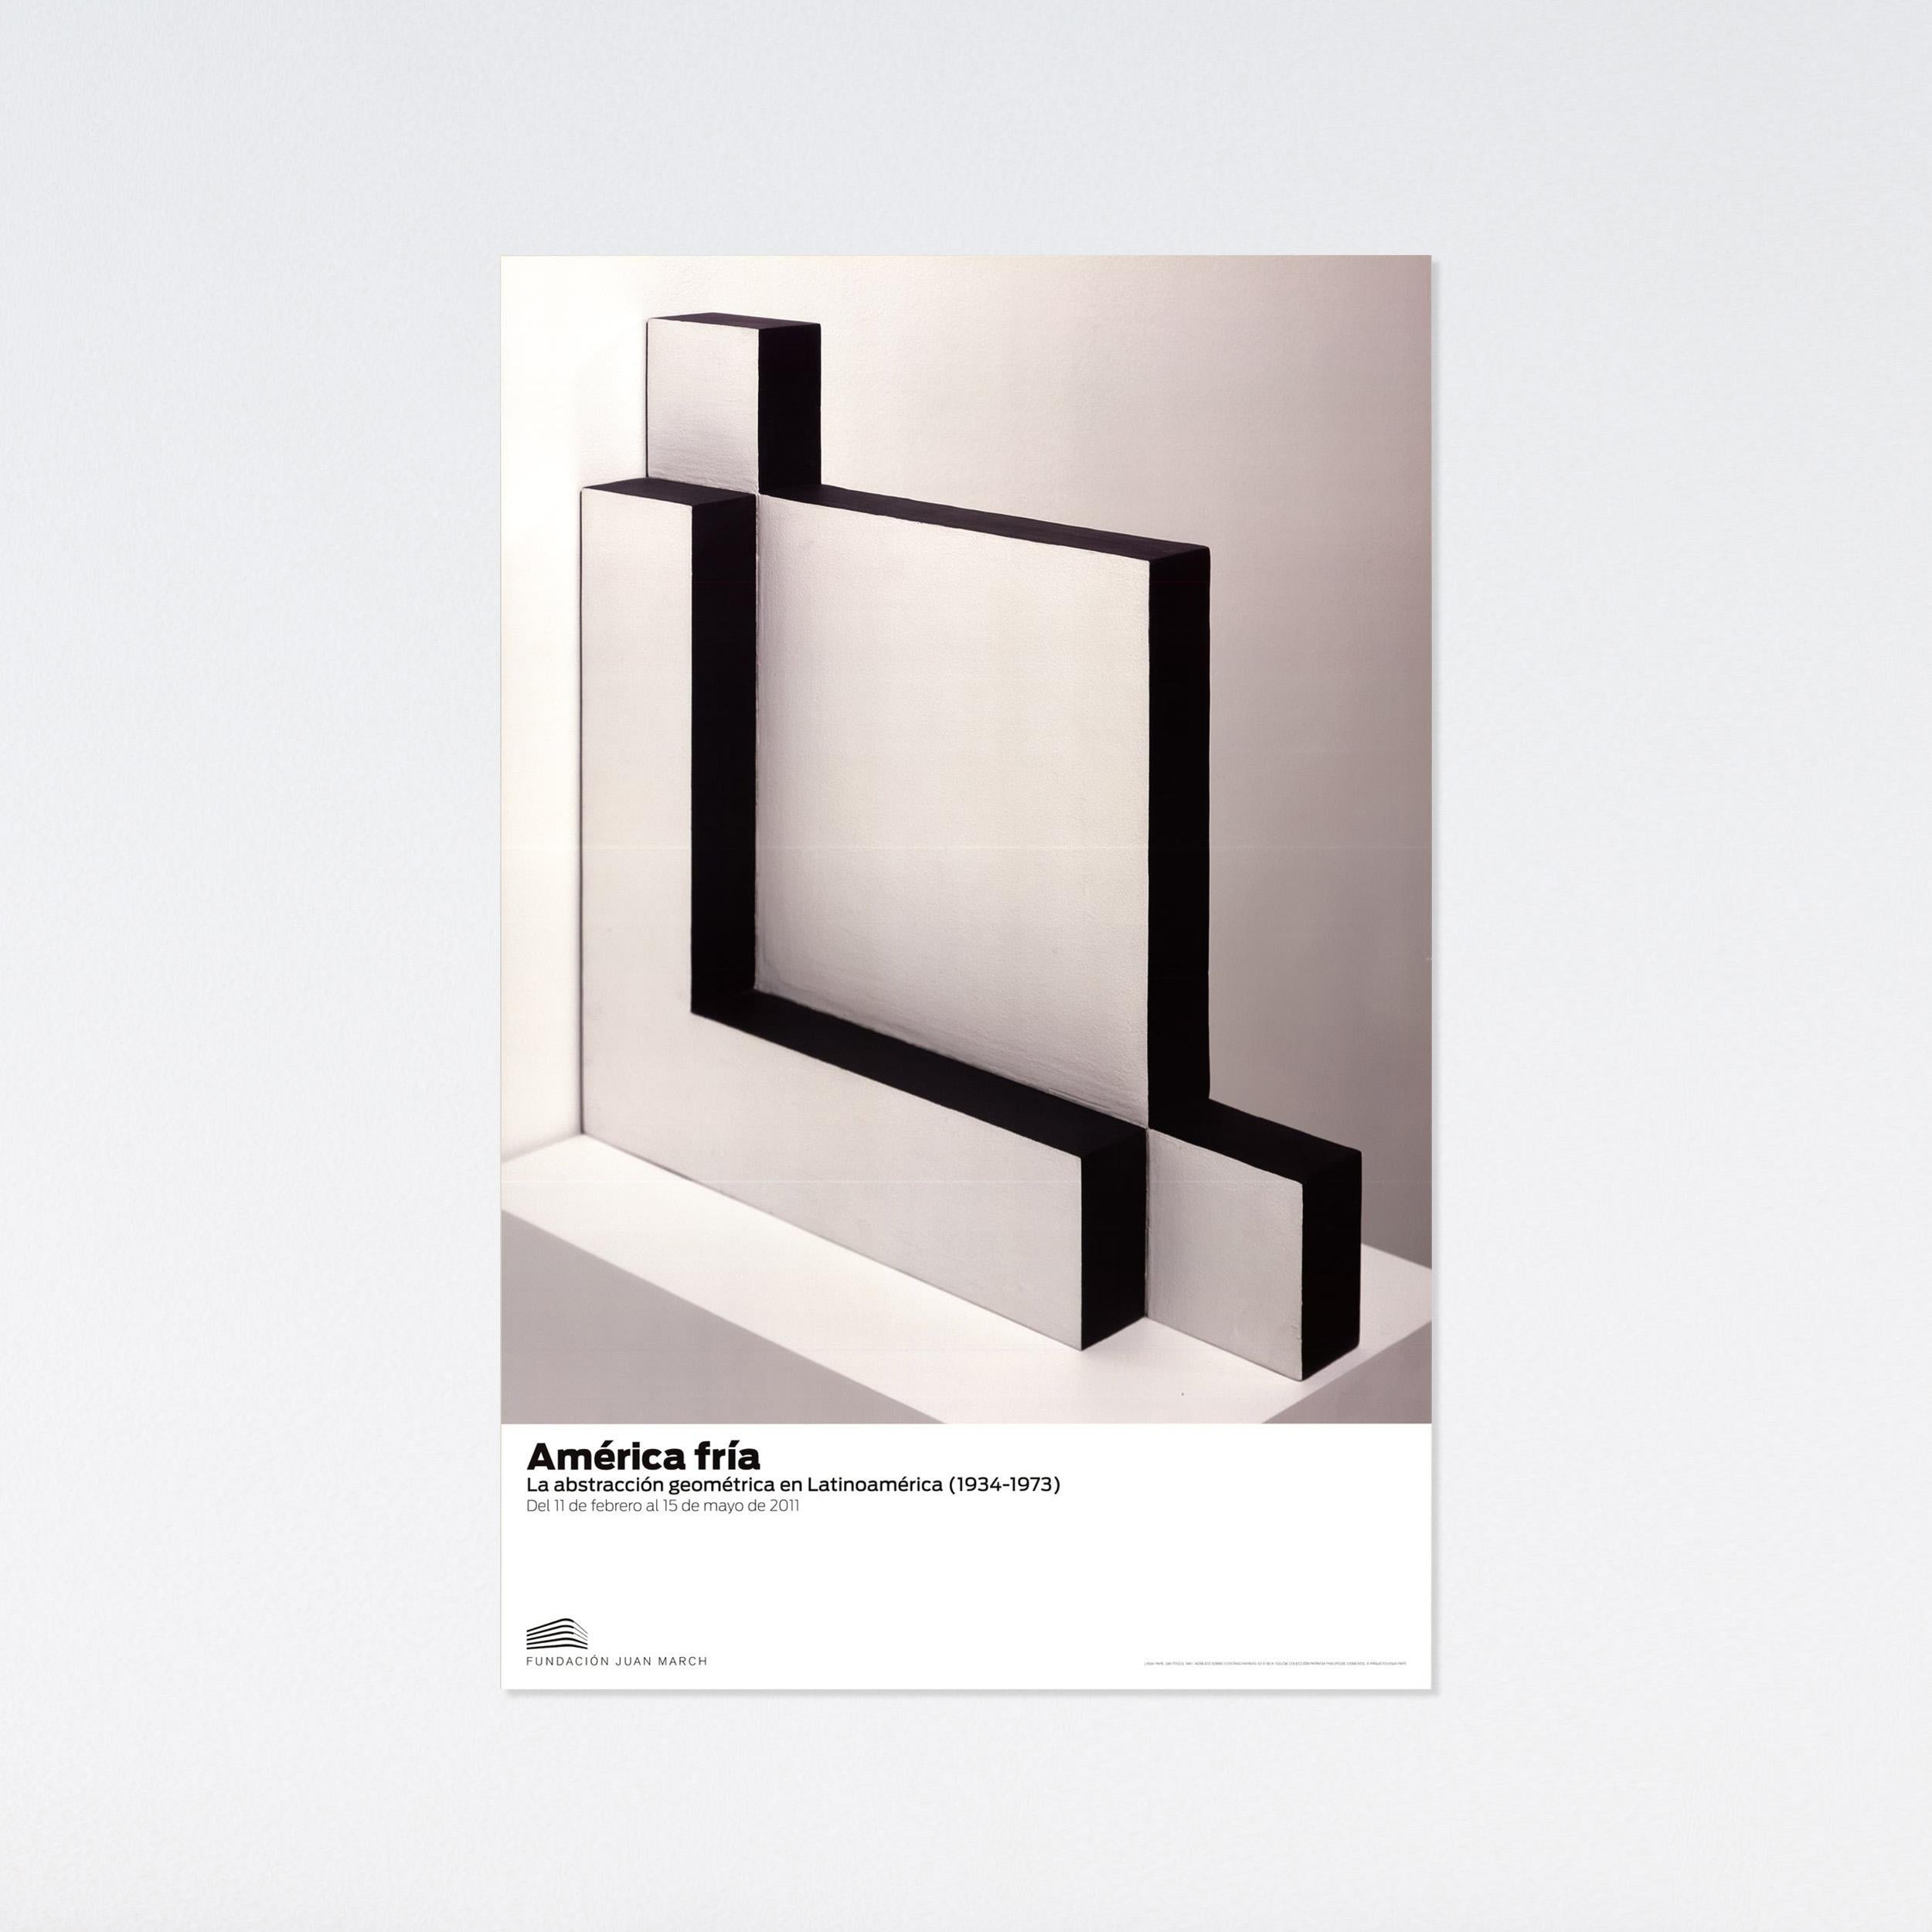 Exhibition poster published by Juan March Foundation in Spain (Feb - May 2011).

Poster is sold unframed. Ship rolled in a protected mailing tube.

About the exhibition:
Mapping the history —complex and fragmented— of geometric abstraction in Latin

--------------------------------------------------

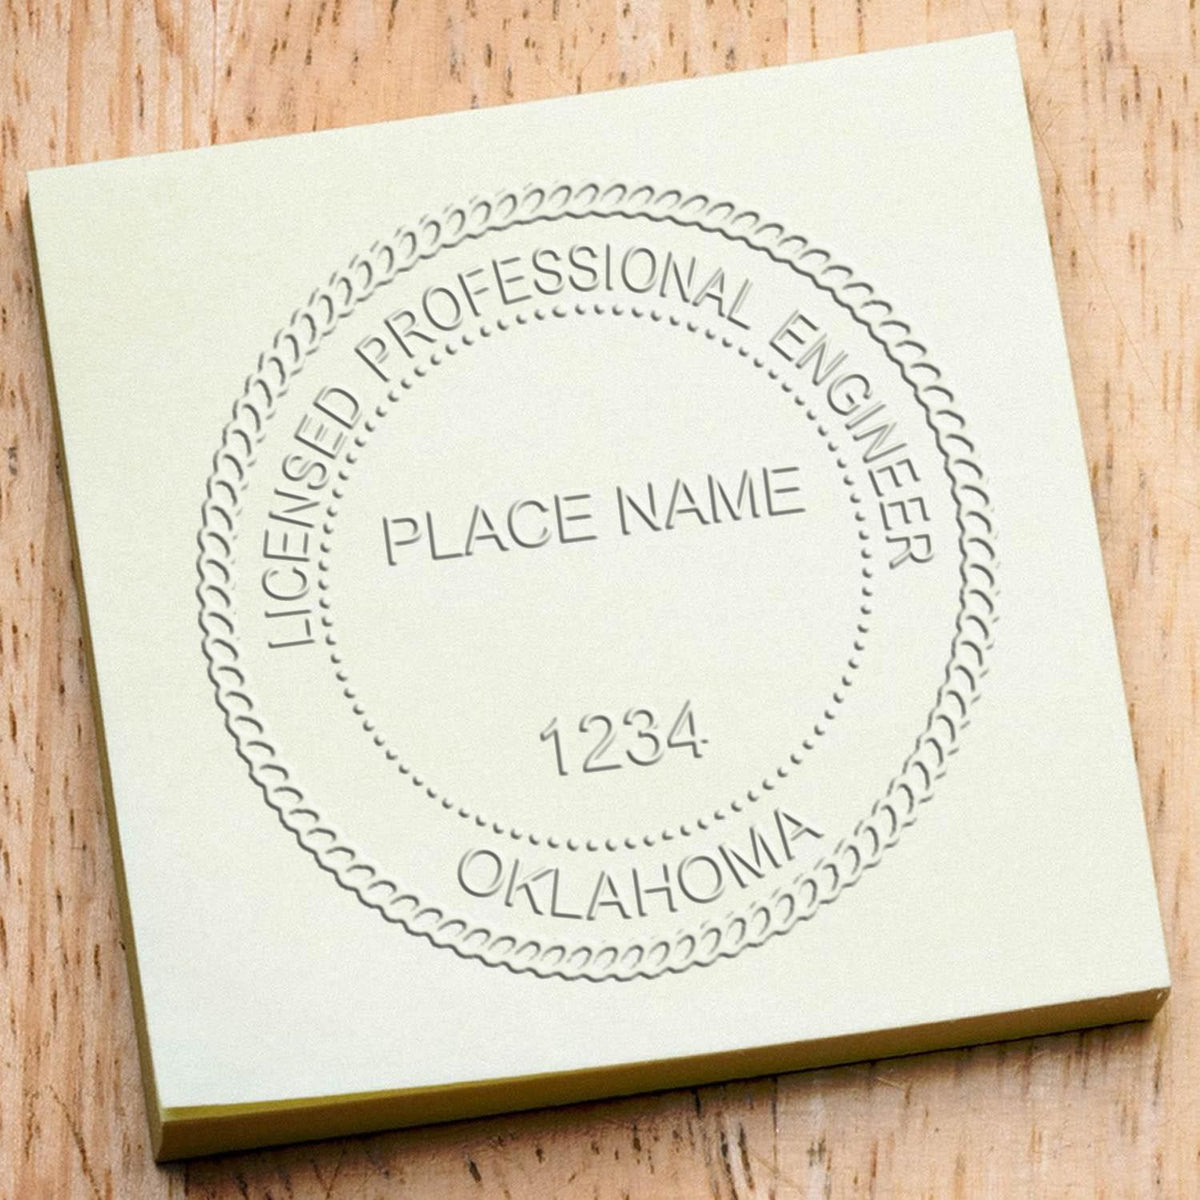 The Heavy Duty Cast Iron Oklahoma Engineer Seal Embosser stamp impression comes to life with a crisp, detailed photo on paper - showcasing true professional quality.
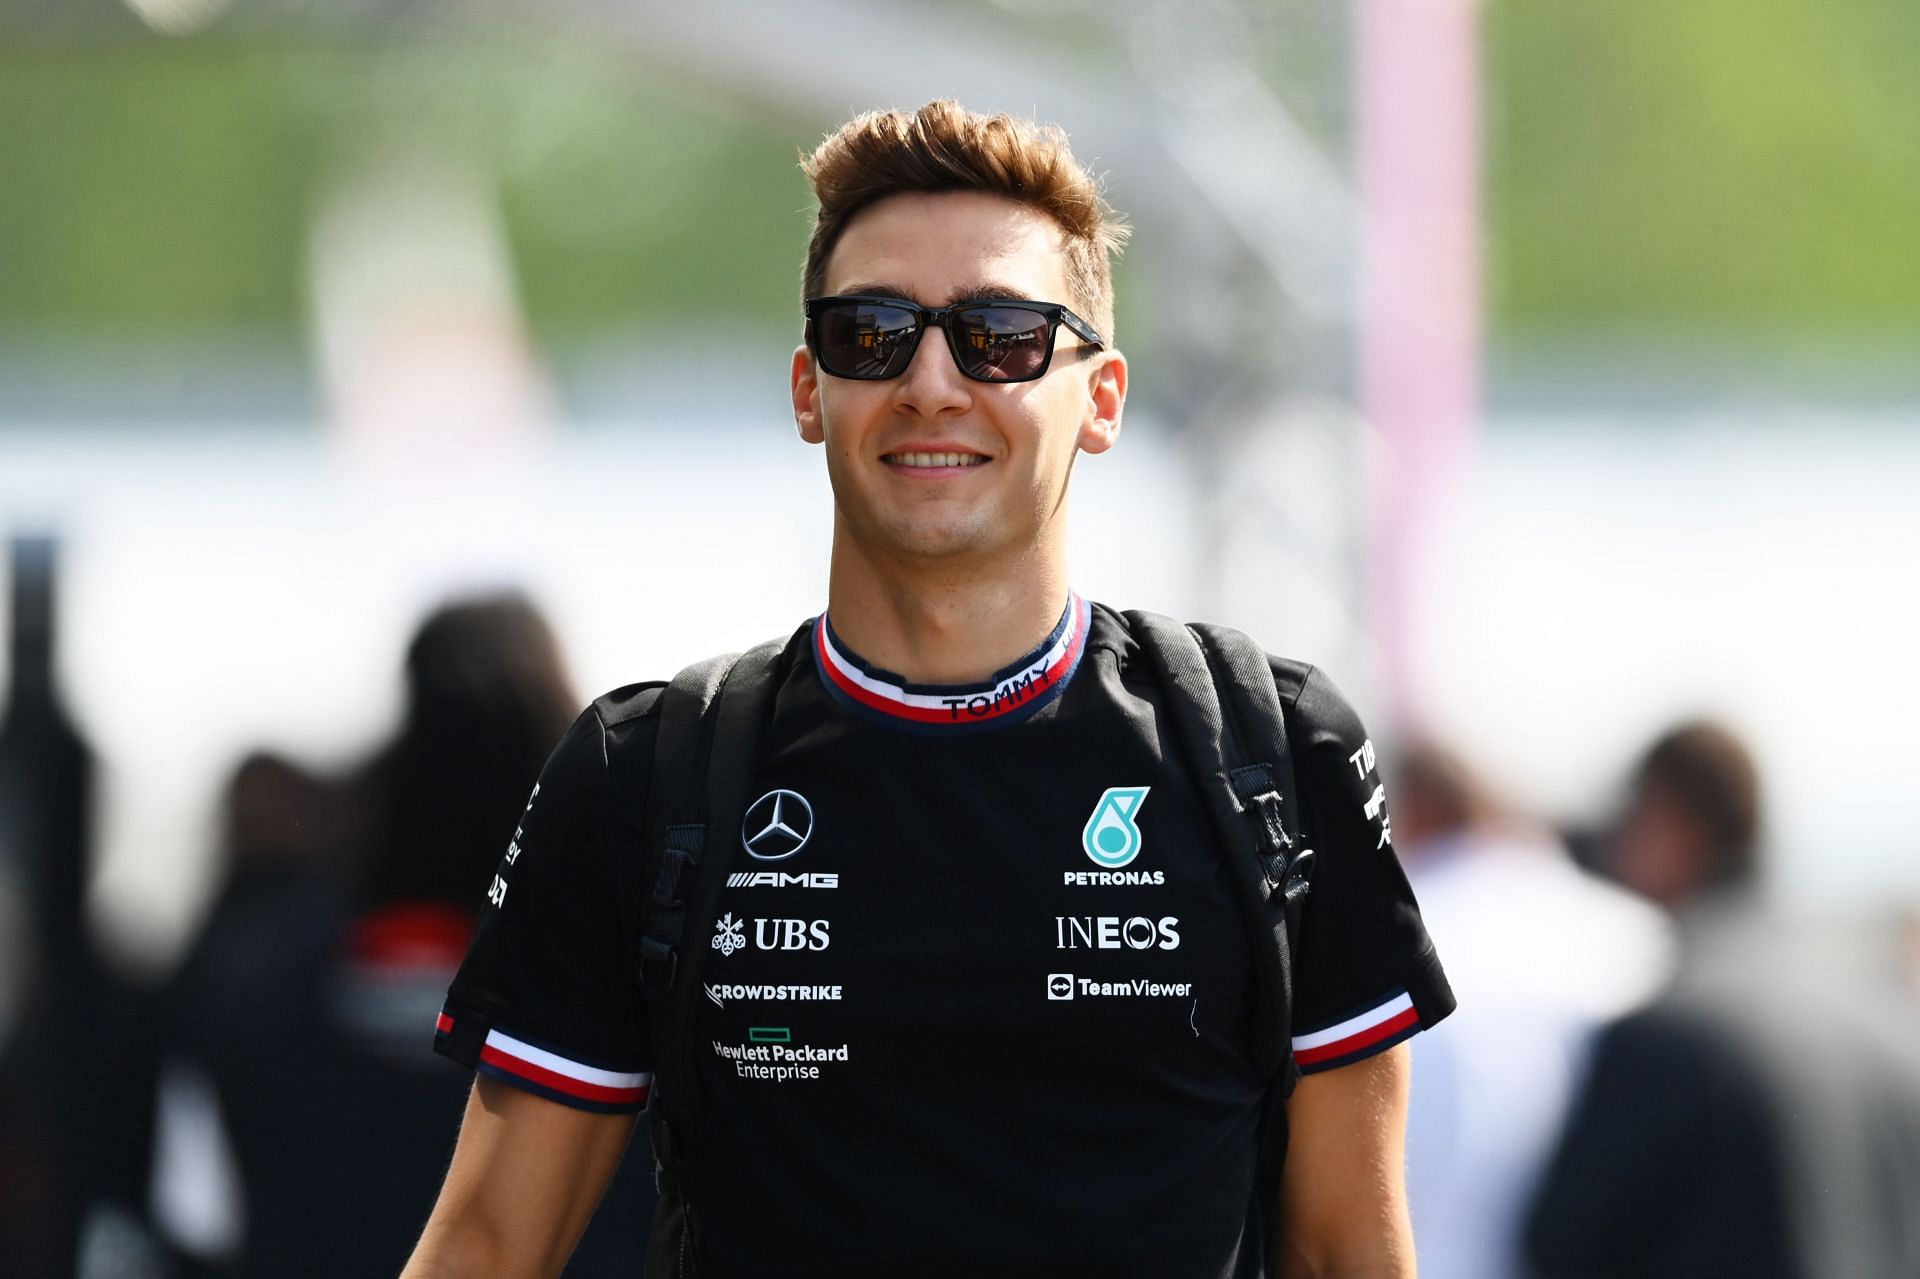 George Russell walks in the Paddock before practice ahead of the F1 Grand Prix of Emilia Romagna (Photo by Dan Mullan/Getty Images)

--------------------------------------------------

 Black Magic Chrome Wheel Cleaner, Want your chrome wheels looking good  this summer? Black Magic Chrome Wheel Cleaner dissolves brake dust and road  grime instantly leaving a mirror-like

--------------------------------------------------

From the records above, retype only the lines starting at the line that contains "Poster is sold" and ending at the line that contains "Mapping the history", both included.

■ EXERCISE RESULT ■
Poster is sold unframed. Ship rolled in a protected mailing tube.

About the exhibition:
Mapping the history —complex and fragmented— of geometric abstraction in Latin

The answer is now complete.